> **What to work on**: The expected answer is the full listing, repeated exactly and free of images.

> **Recorded information**:

==========

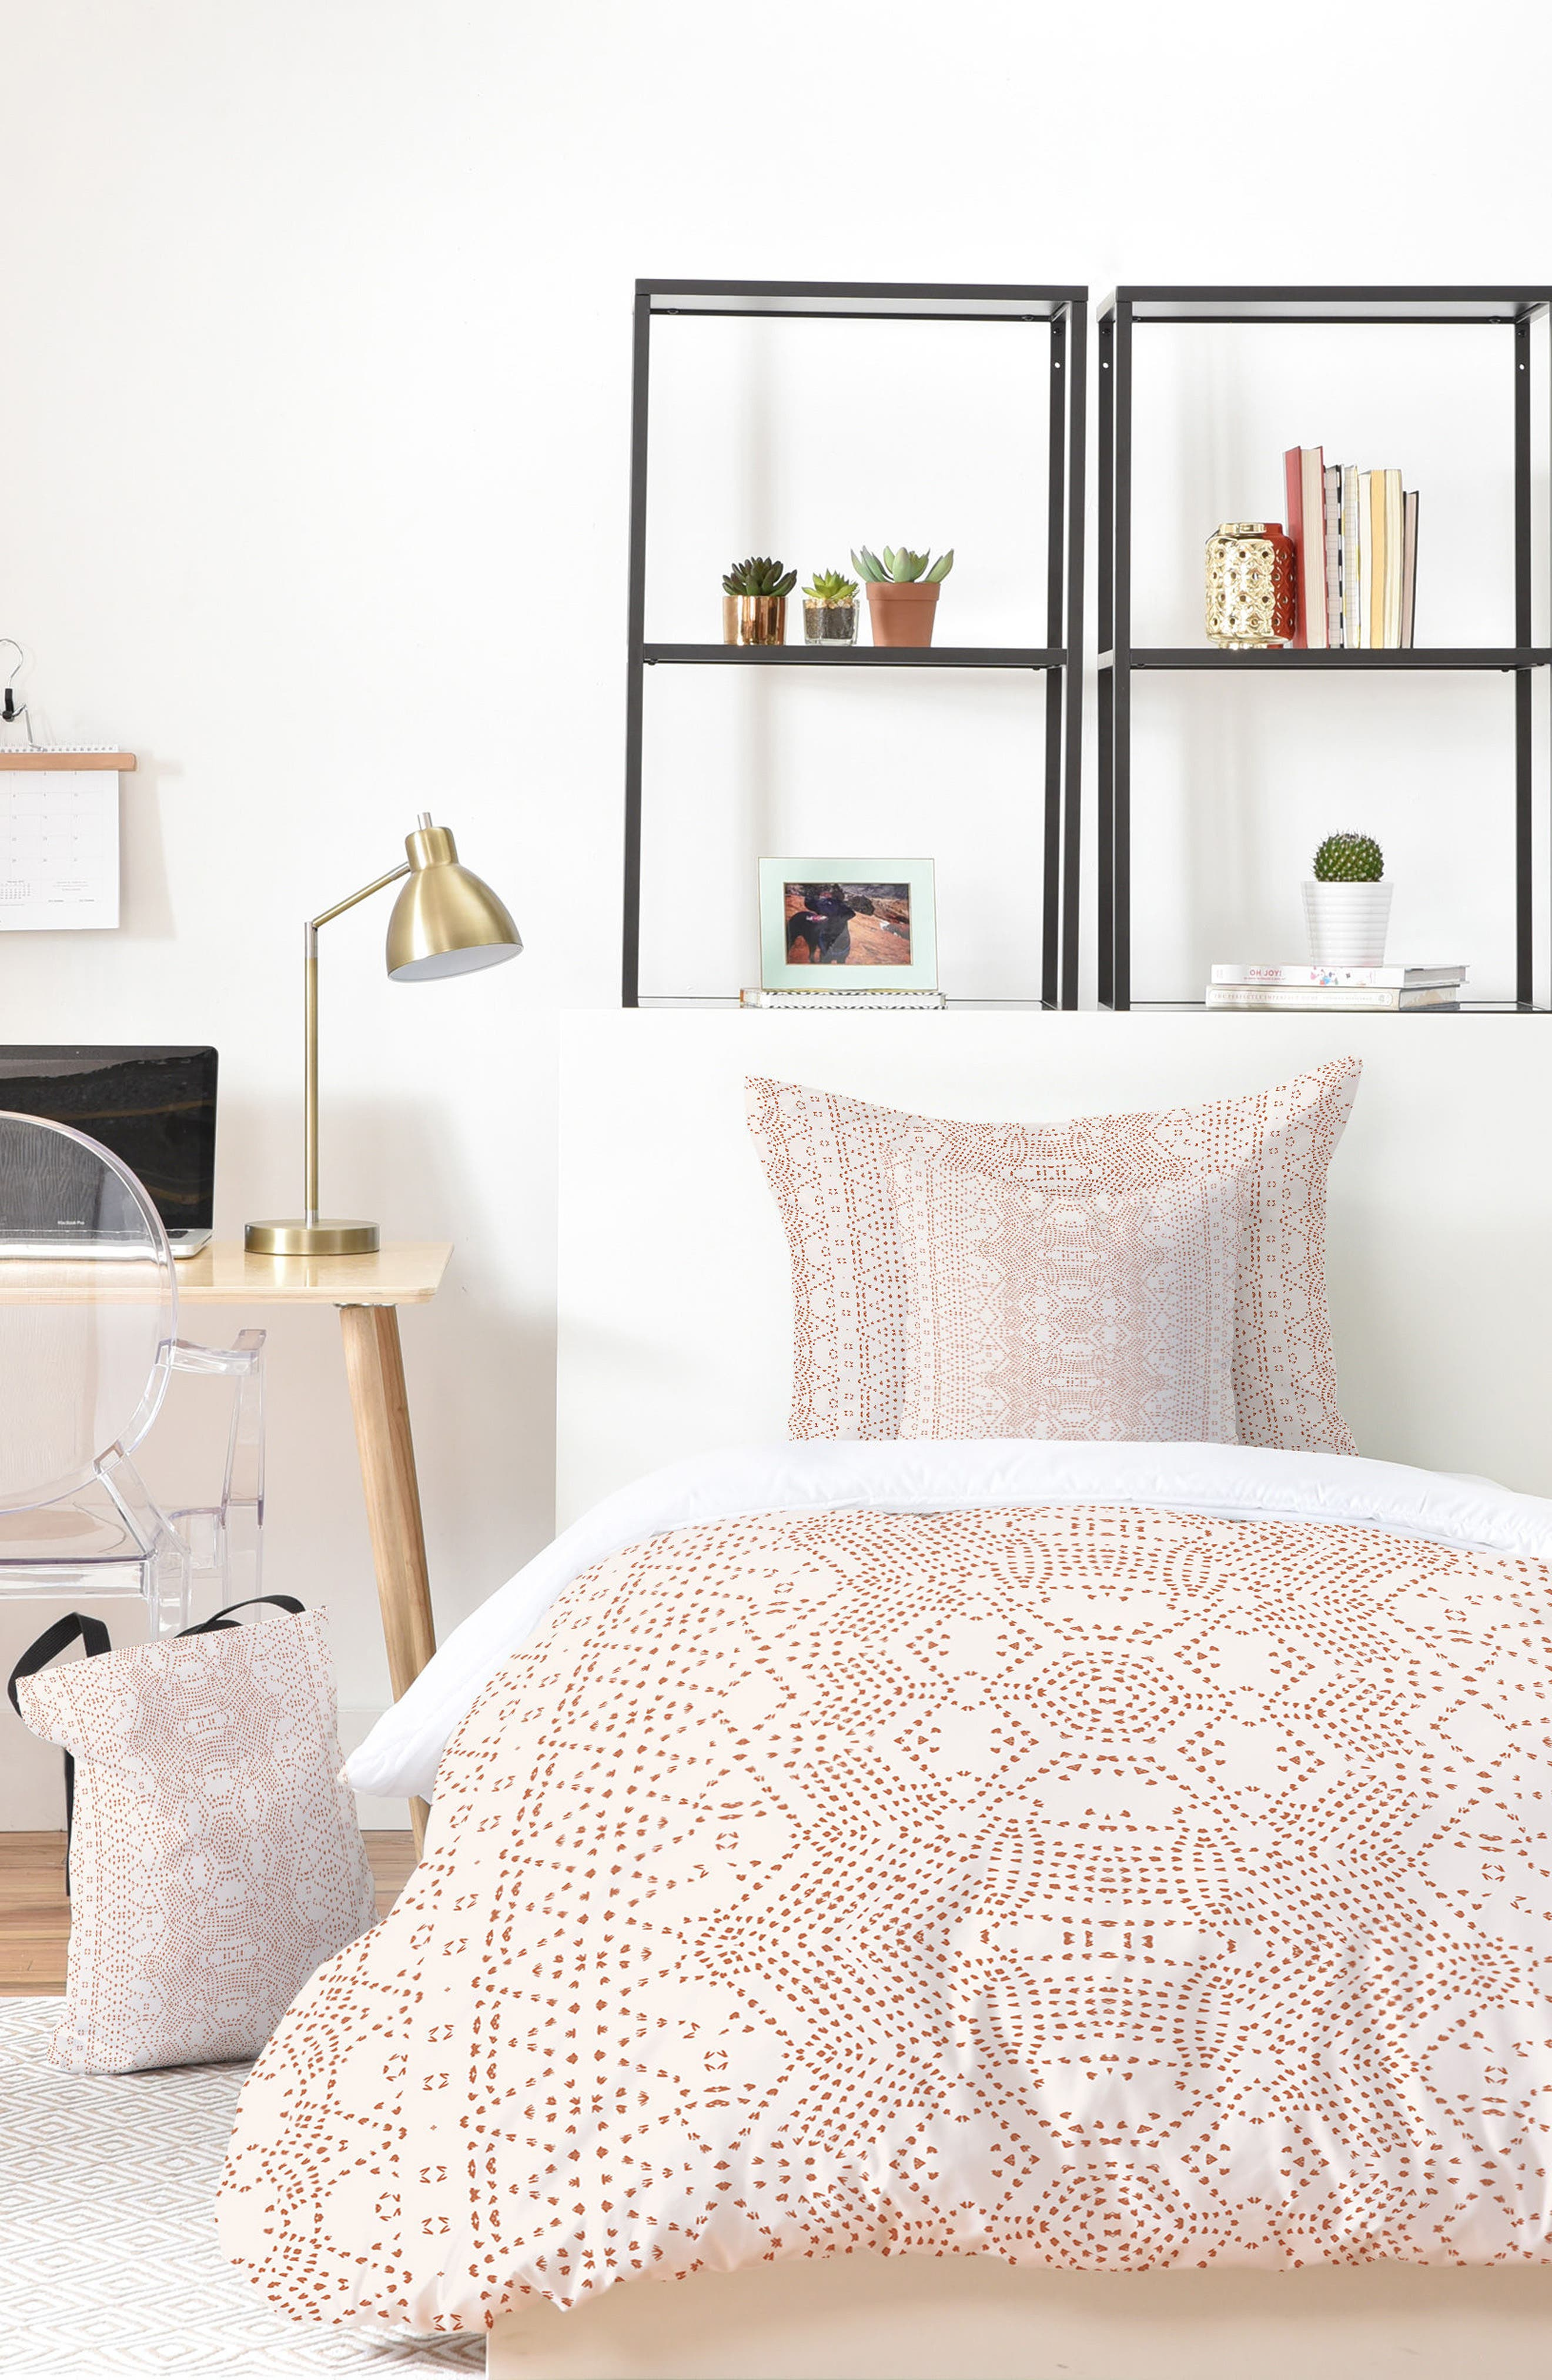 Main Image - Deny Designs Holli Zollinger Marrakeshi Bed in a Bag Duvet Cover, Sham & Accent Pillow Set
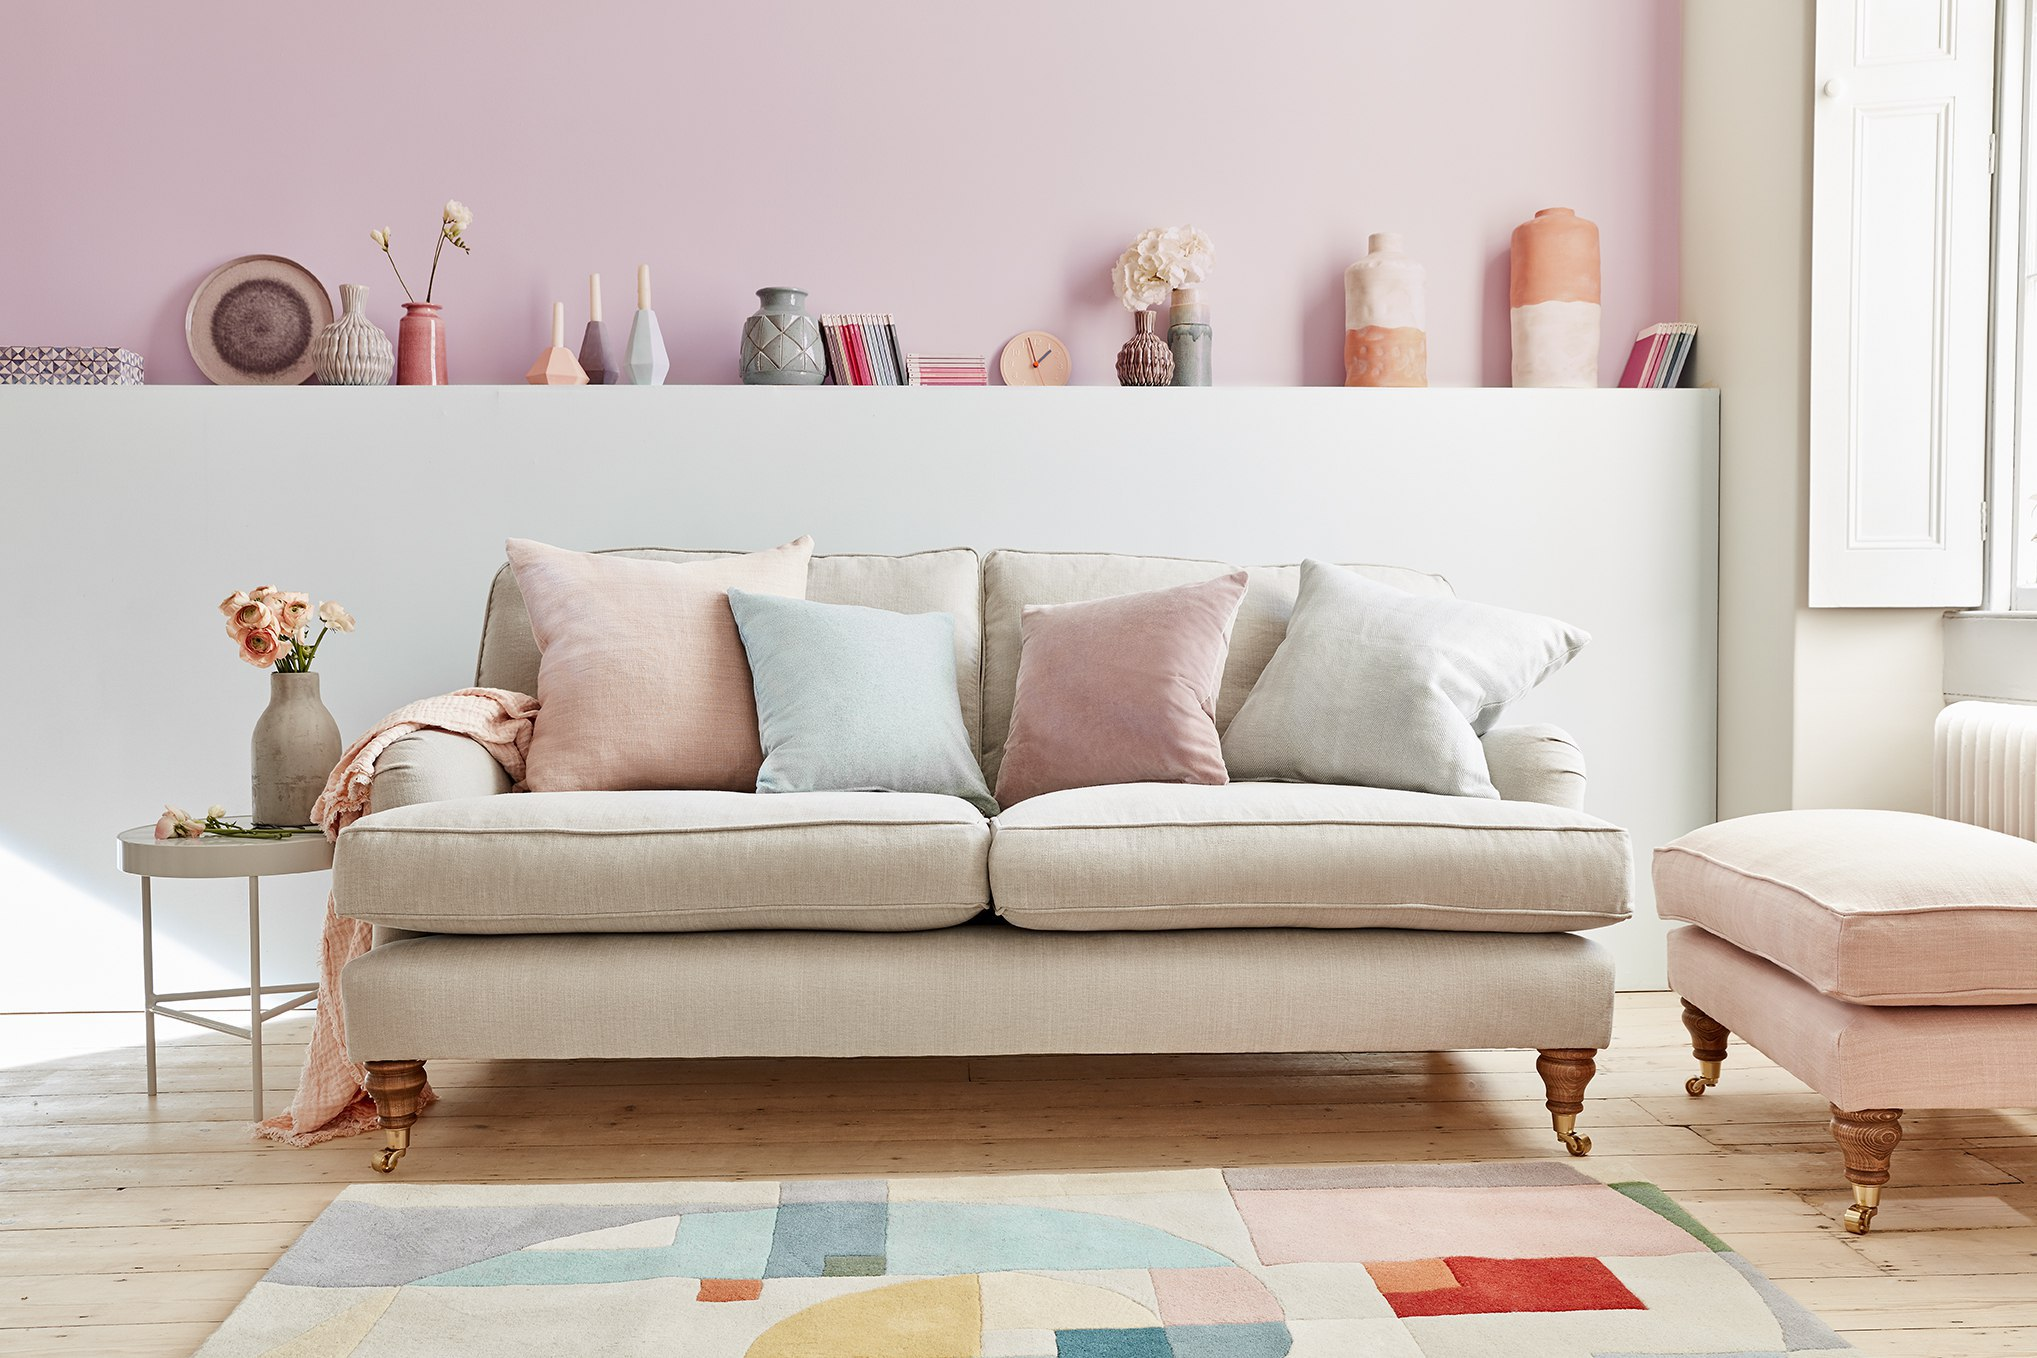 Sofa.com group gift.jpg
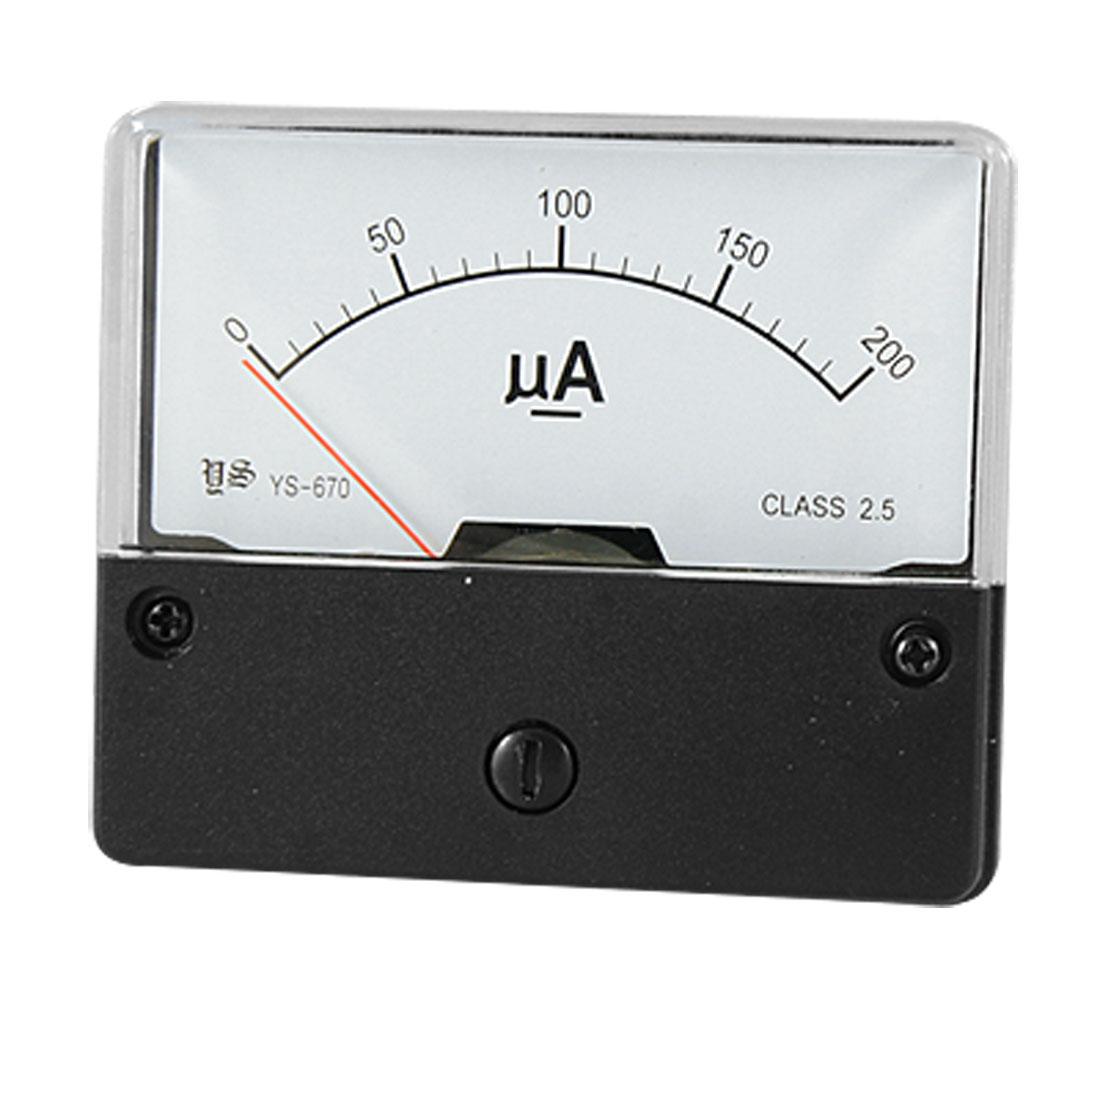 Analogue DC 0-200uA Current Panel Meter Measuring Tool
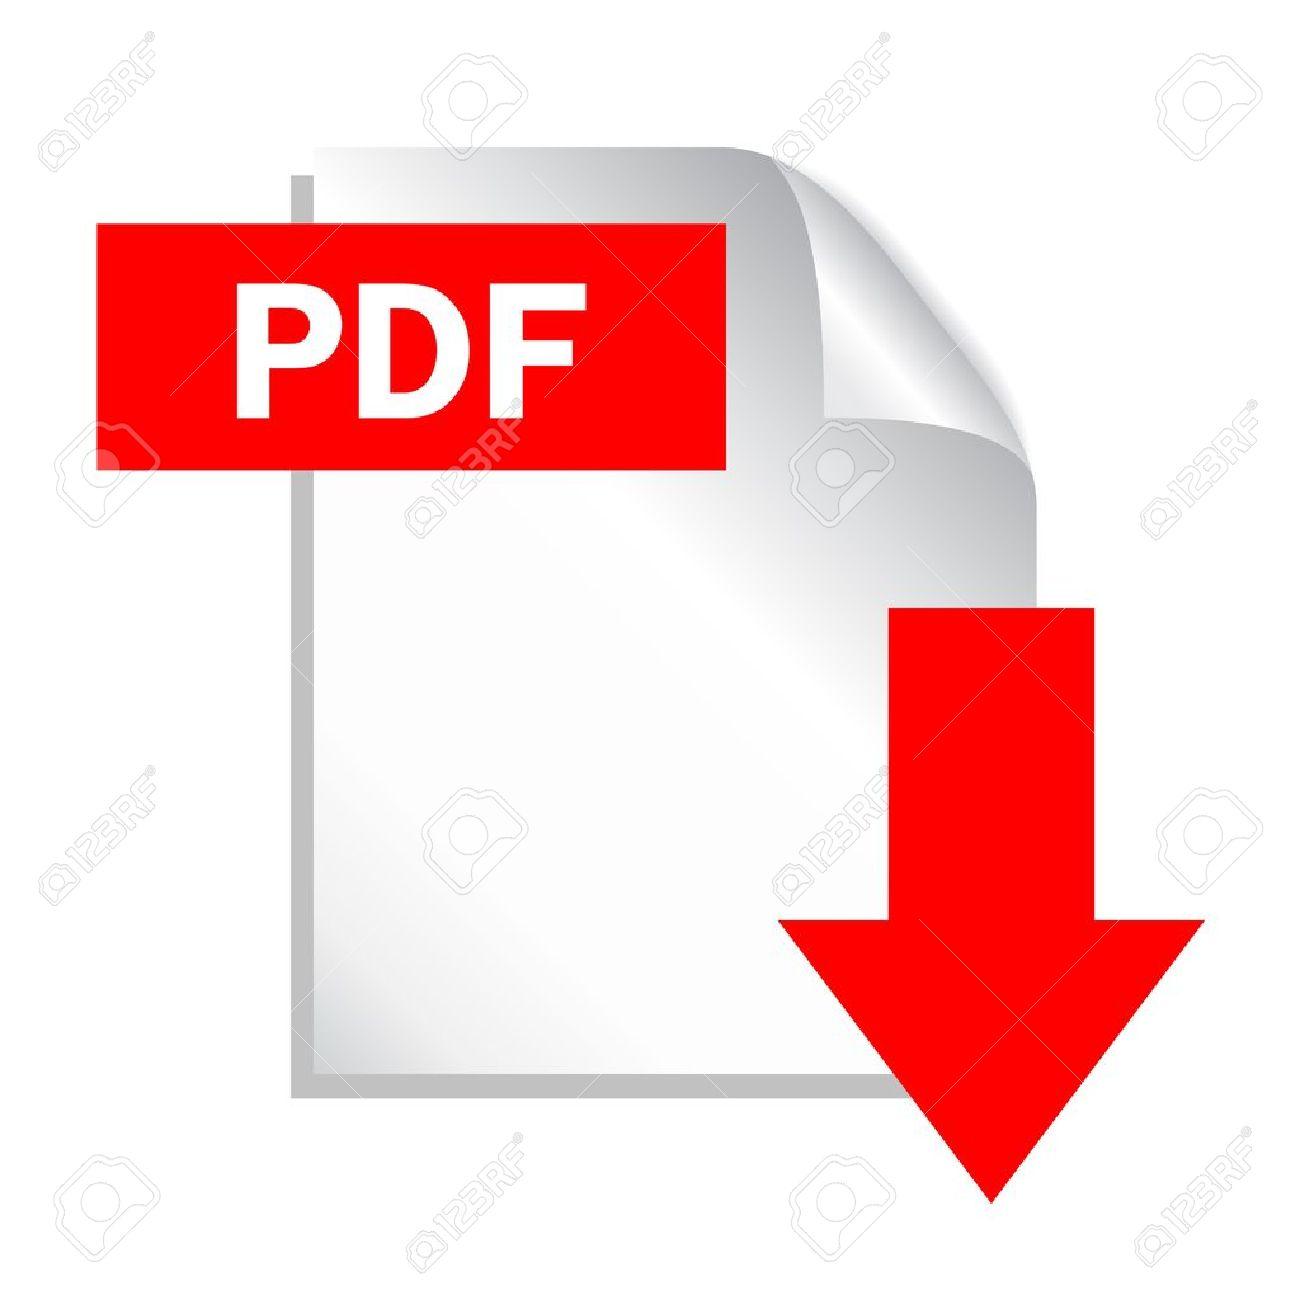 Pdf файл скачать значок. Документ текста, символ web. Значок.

==========

> **Output for this task**:
 Main Image - Deny Designs Holli Zollinger Marrakeshi Bed in a Bag Duvet Cover, Sham & Accent Pillow Set
 Sofa.com group gift.jpg
 Analogue DC 0-200uA Current Panel Meter Measuring Tool
 Pdf файл скачать значок. Документ текста, символ web. Значок.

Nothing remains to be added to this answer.